What to work on: Exactly the lines from the one holding "Melissa & Doug 132-Piece Wooden Railway Set" through the last line of the listing below must appear in the answer, and no pictures.

Information shown:
========================================================================

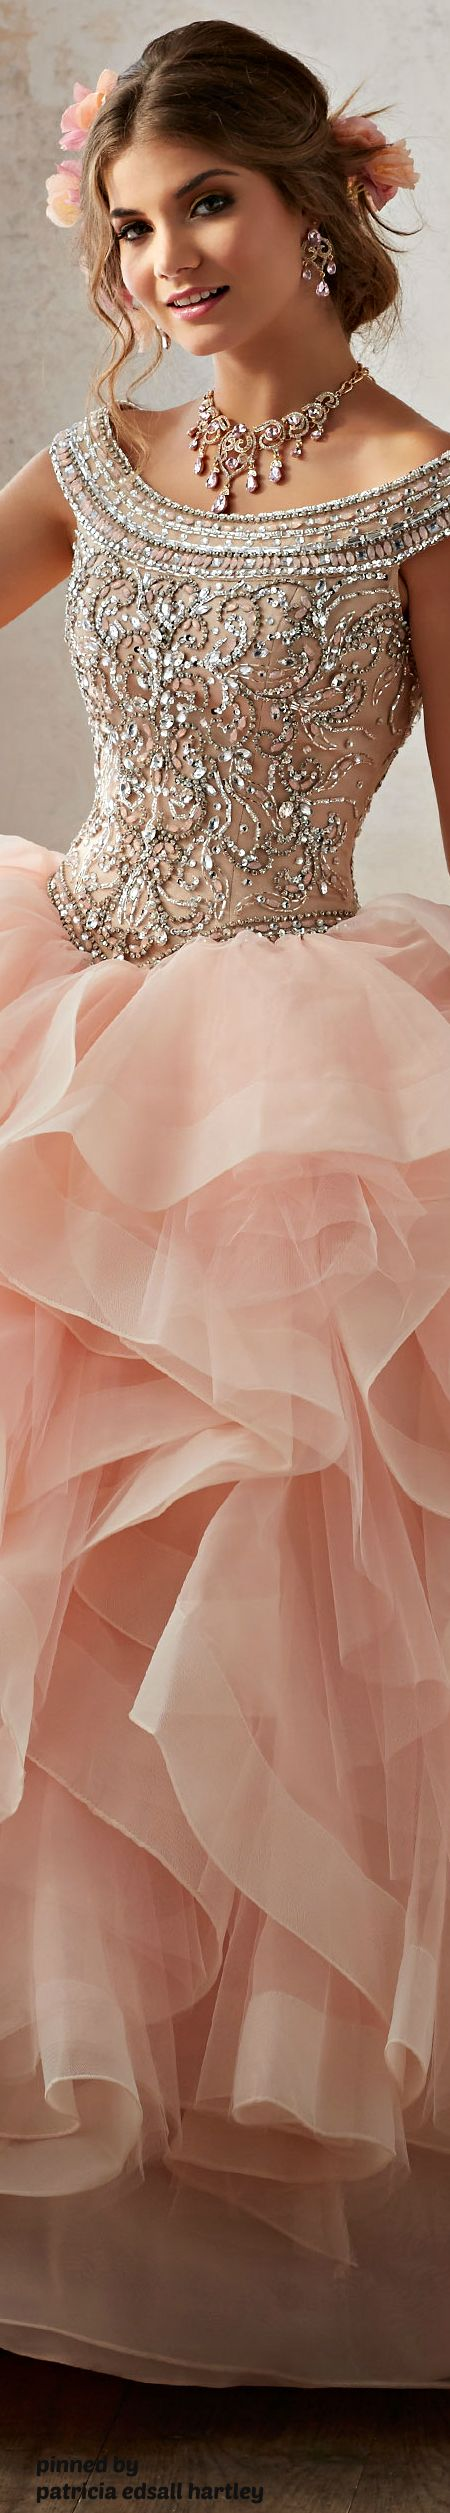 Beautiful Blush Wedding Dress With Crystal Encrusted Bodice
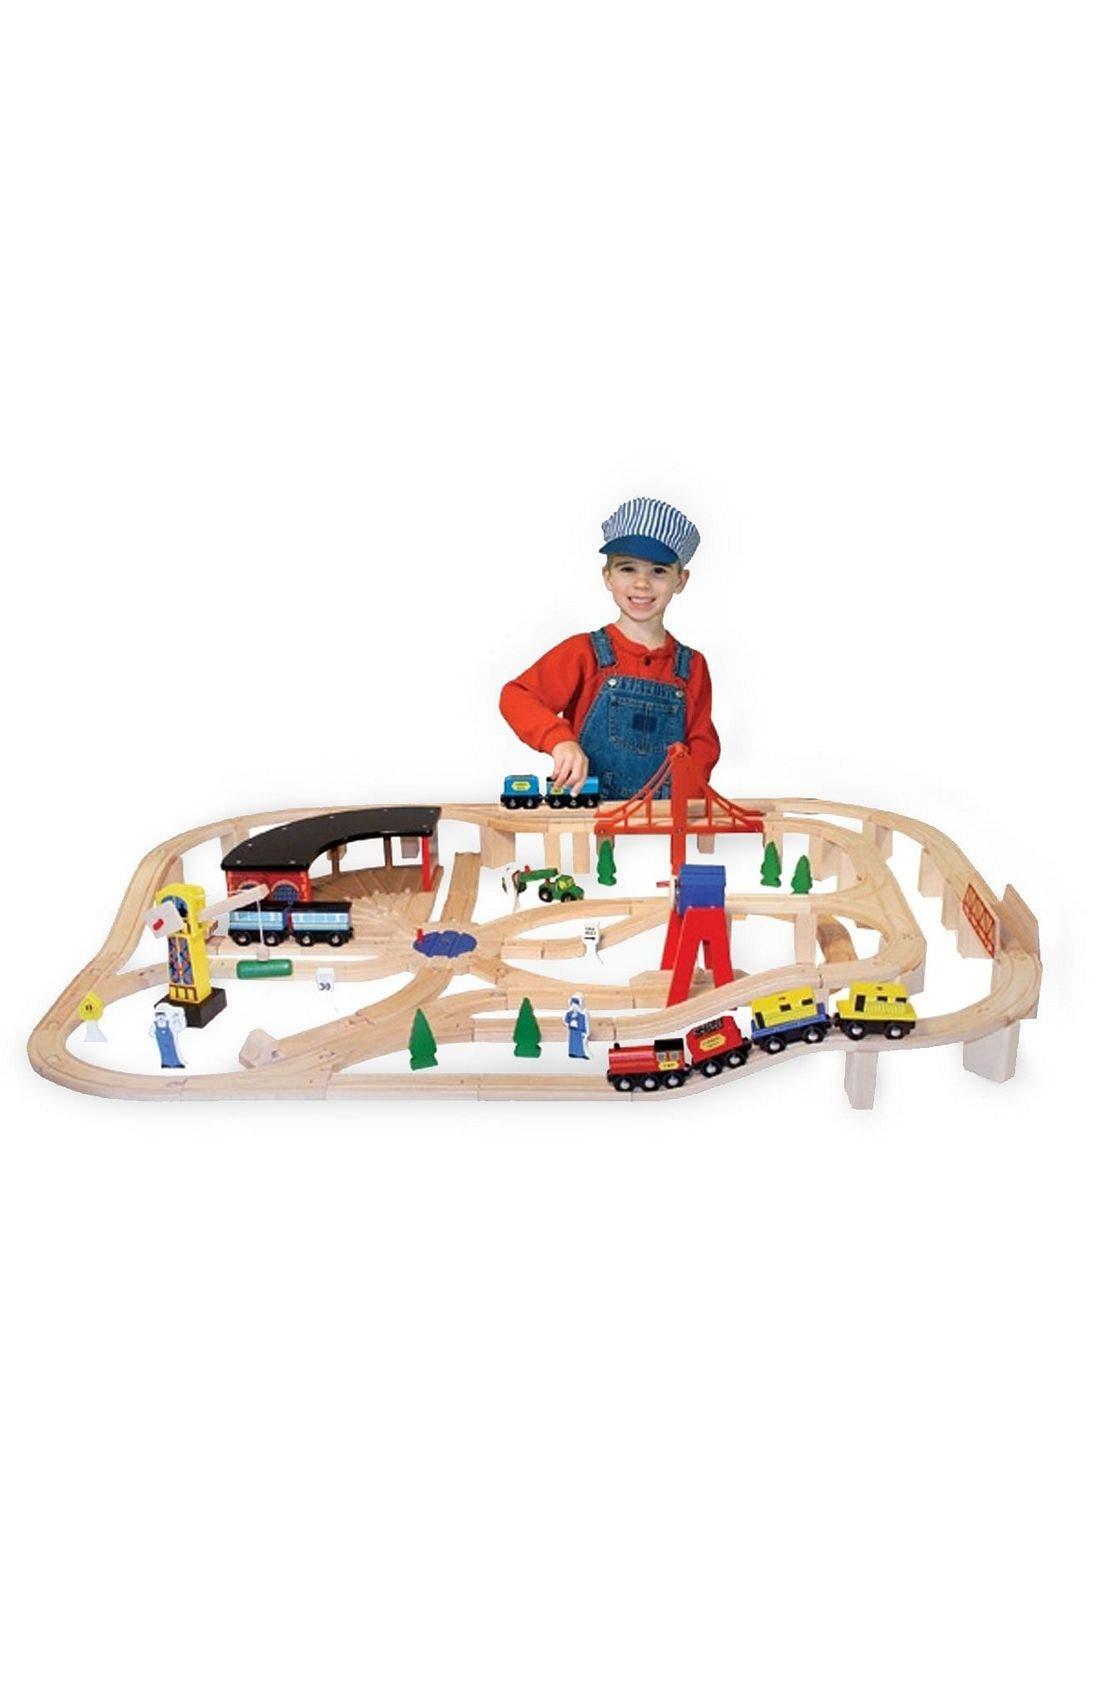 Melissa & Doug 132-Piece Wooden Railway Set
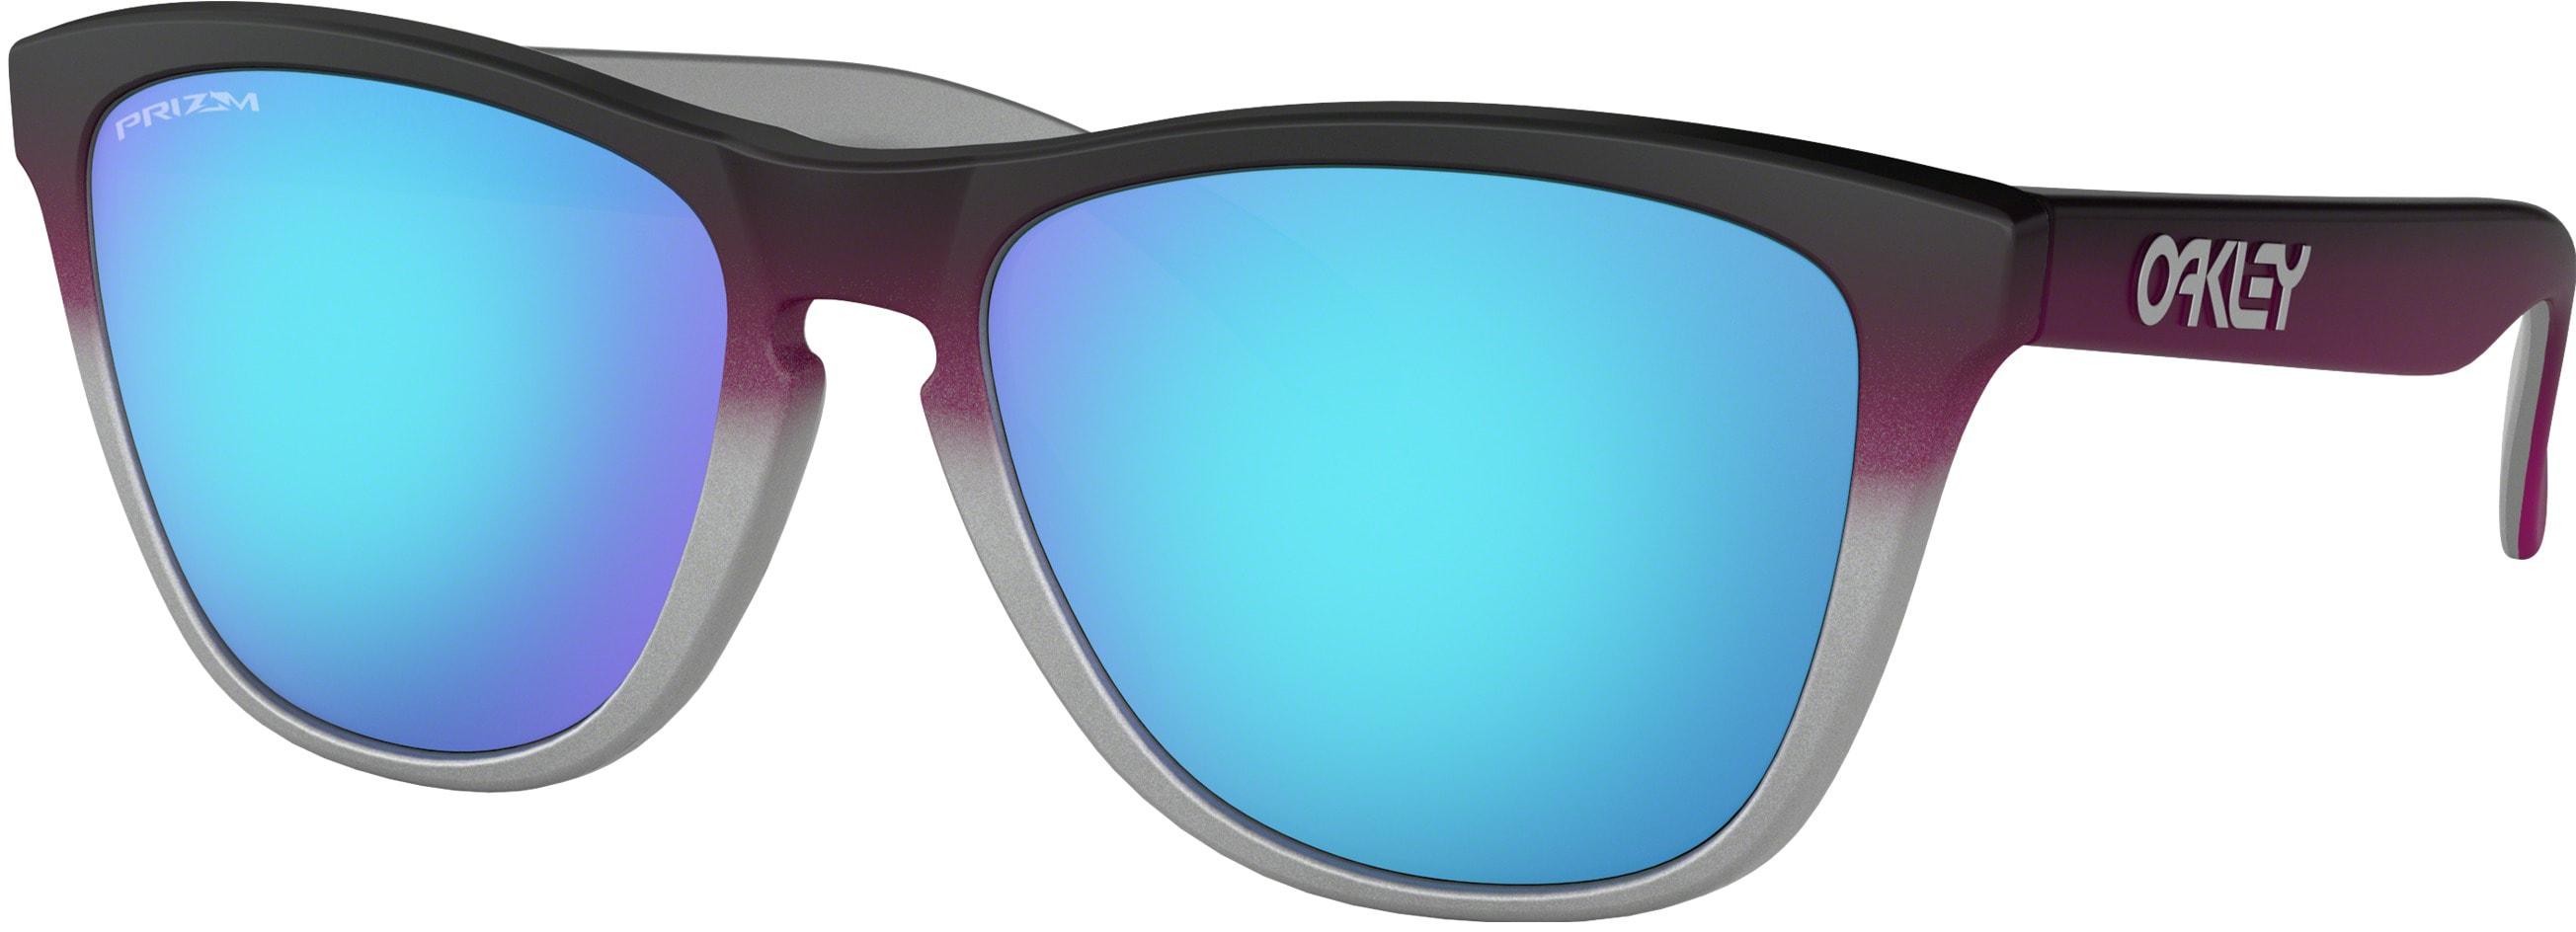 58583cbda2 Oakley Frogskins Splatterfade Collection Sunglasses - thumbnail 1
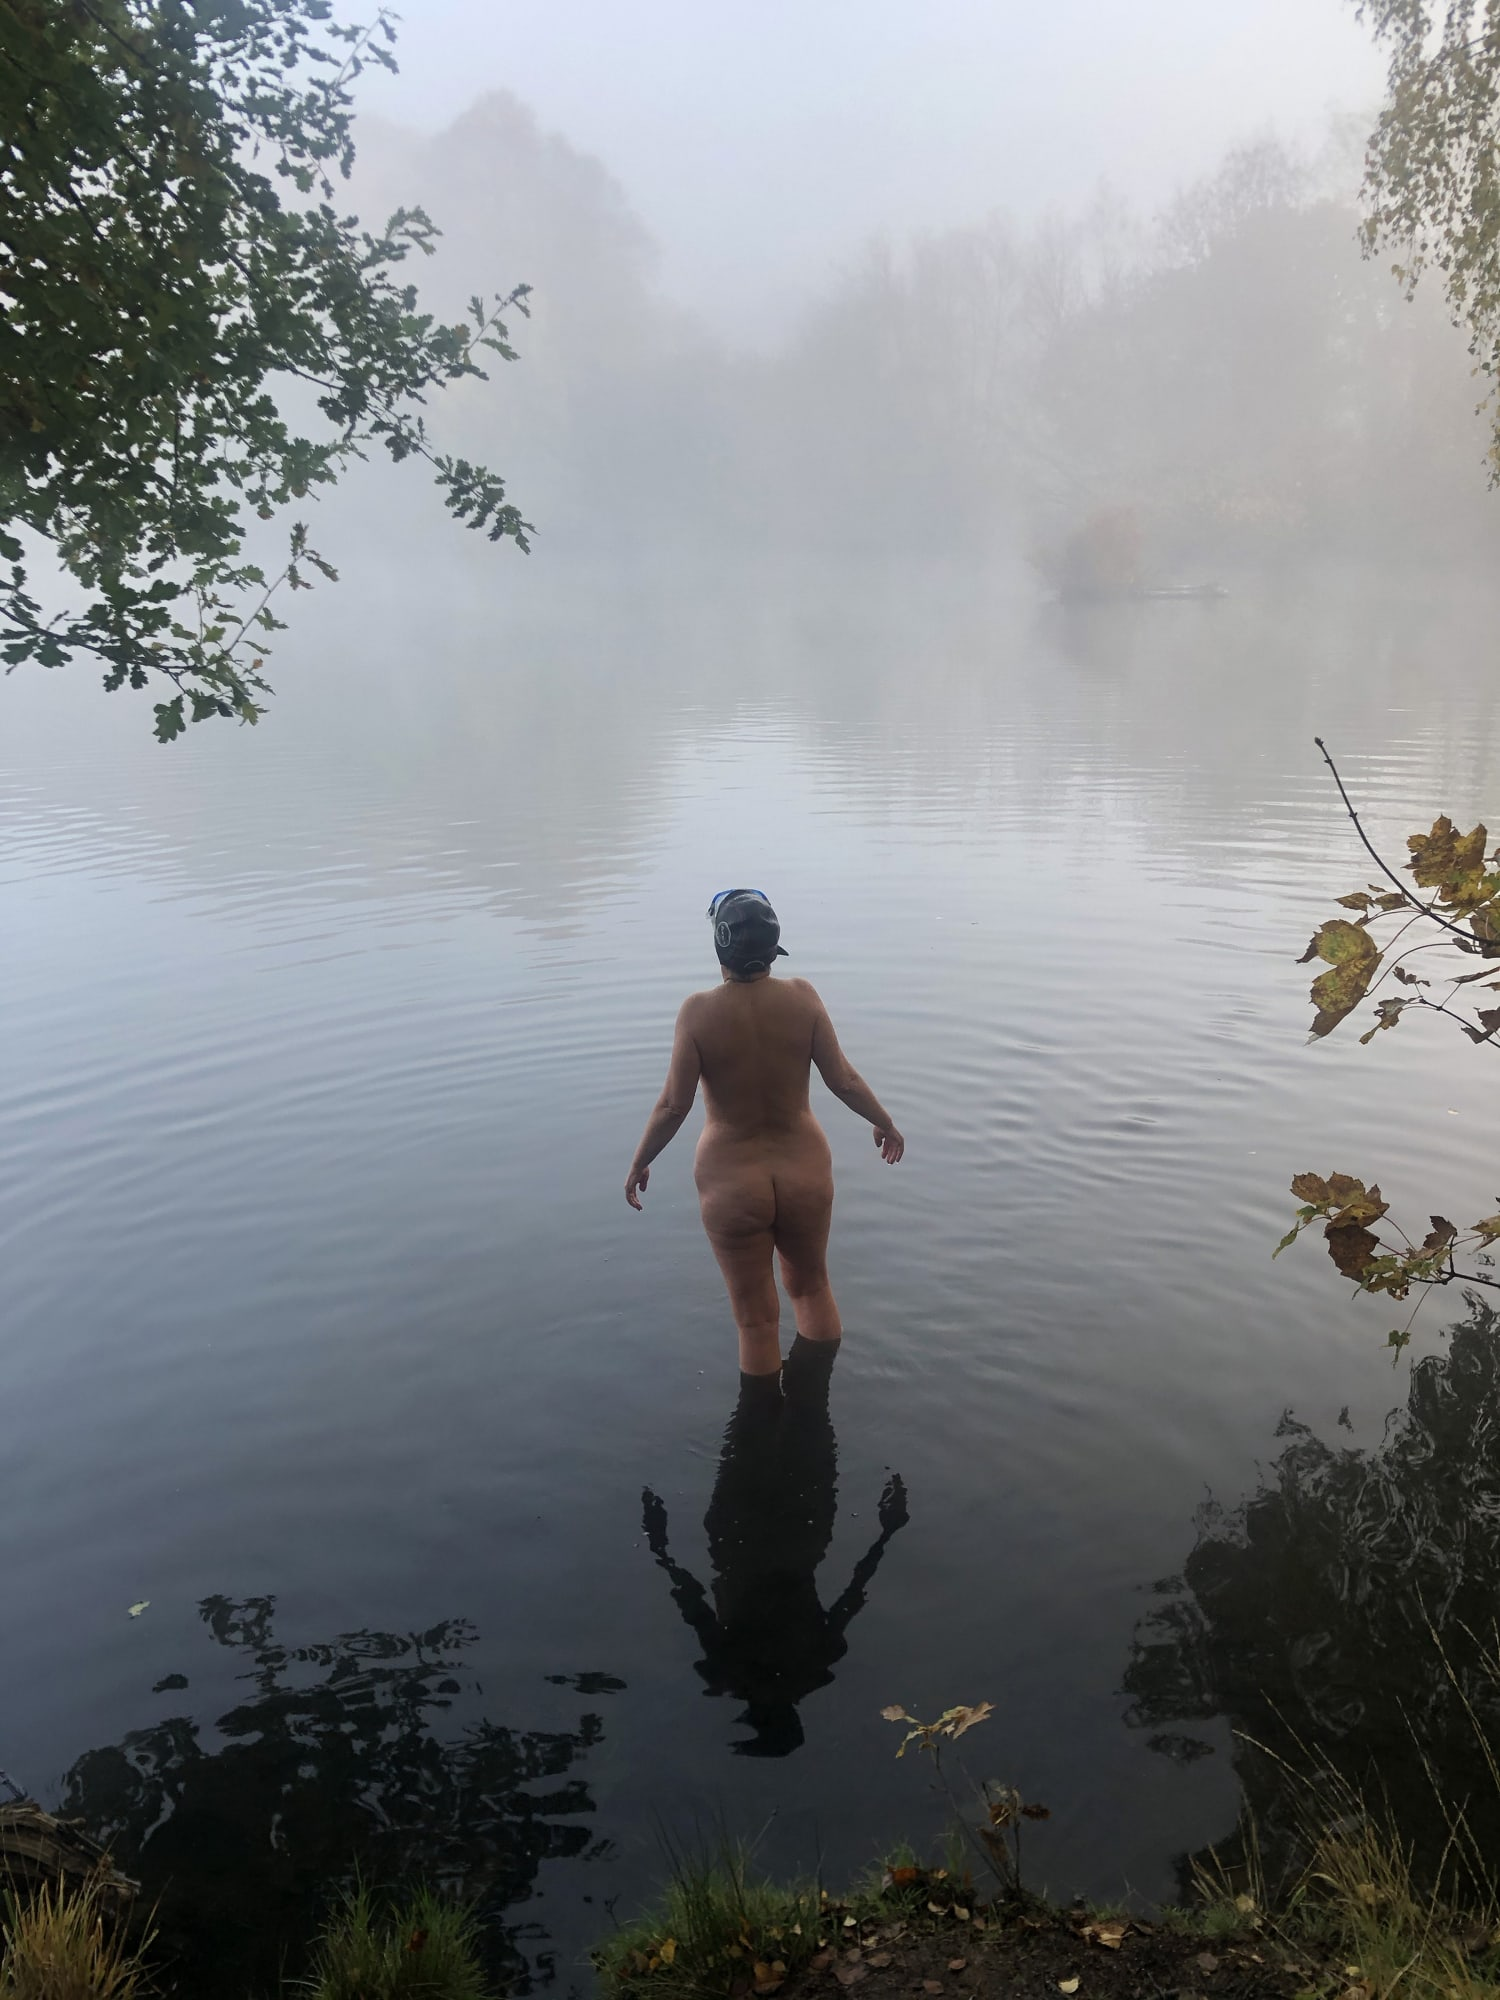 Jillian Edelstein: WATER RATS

========================================================================

The completed task:
 Melissa & Doug 132-Piece Wooden Railway Set
 58583cbda2 Oakley Frogskins Splatterfade Collection Sunglasses - thumbnail 1
 Jillian Edelstein: WATER RATS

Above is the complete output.